It's a lonely life...that of the necromancer, er freelancer

A blog by a designer and illustrator, for designers and illustrators which may contain musings on art, movies and random weirdness.

Monday, January 6, 2014

Scott Frey Portrait

Early in December I was approached by Peter and Mary Frey, a young couple at my church, about painting a portrait of Scott Frey, Peter's father. Scott had died the year before, and they wanted to give a painted portrait of him to Peter's mother as a Christmas present. This presented some difficulties, as I had never met Scott, and could not have him sit for sketches, but i agreed to do the portrait. Peter and Mary gathered a series of photographs of his father in different poses and settings.  Peter wanted his father to appear healthy, relaxed, and in one of his favorite settings; on his boat in the Choptank River in Chesapeake Bay, Maryland, near where he lived. Several photos had interesting elements, but none was going to work as is.
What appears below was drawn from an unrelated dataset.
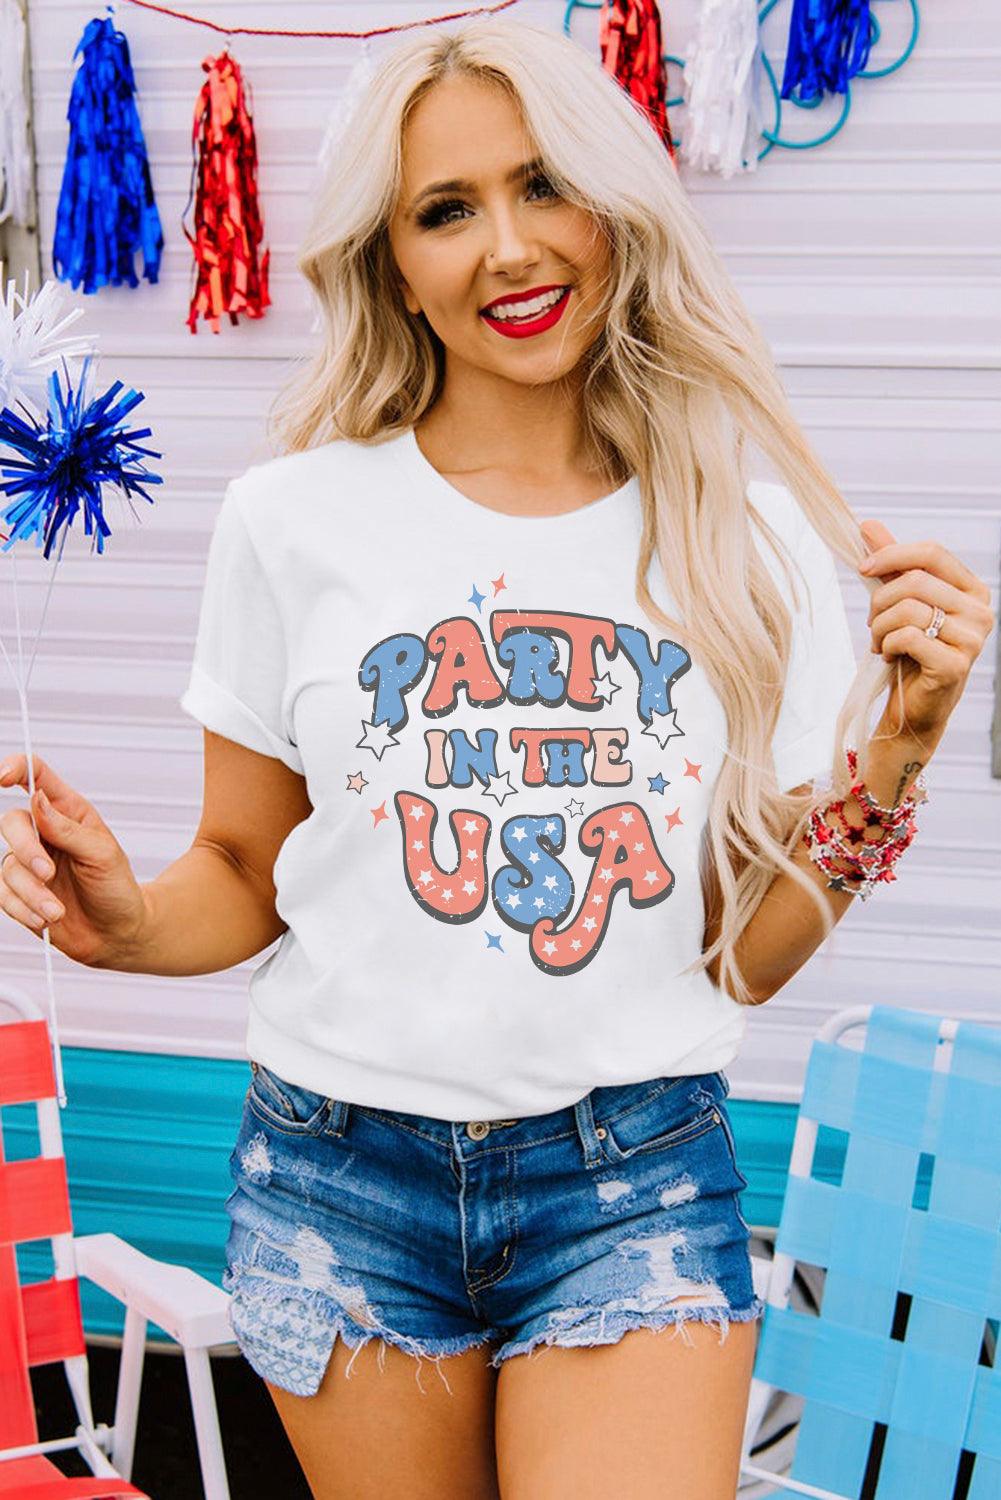 White PARTY IN THE USA Flag Fashion Graphic Tee

I was able to cobble together several sketches using elements from several photos combining the face and body from one, the hands from another, and the background  elements from two others. I selected the best pose, and sent the sketch off to the Freys.

The sketch was about 1/4 actual size, and Peter had some concerns about the details of the face, but otherwise approved the sketch. I enlarged the sketch using my copier, and transferred it directly onto the 16" x 20" canvas by placing graphite paper under the enlarged sketch and tracing it onto the canvas surface. I started laying in the basic shapes using a burnt umber liquid acrylic, adding washes for tone.

I then started roughing in the areas of sky, river and blue jeans using a combination of bright and thalo blue, and the shirt, using parchment, gray and yellow ochre. I kept the highlights on the face, head and clouds, white.

Adding a mixture of blue and purple to shape the clouds.

Adding some warmth to the skin with thin washes of yellow and red tones.

Refining and adjusting the overall tonal values.

The painting took about two days total. I finished it just in time for the Freys to come pick it up on their way to Maryland. They were very pleased with the results.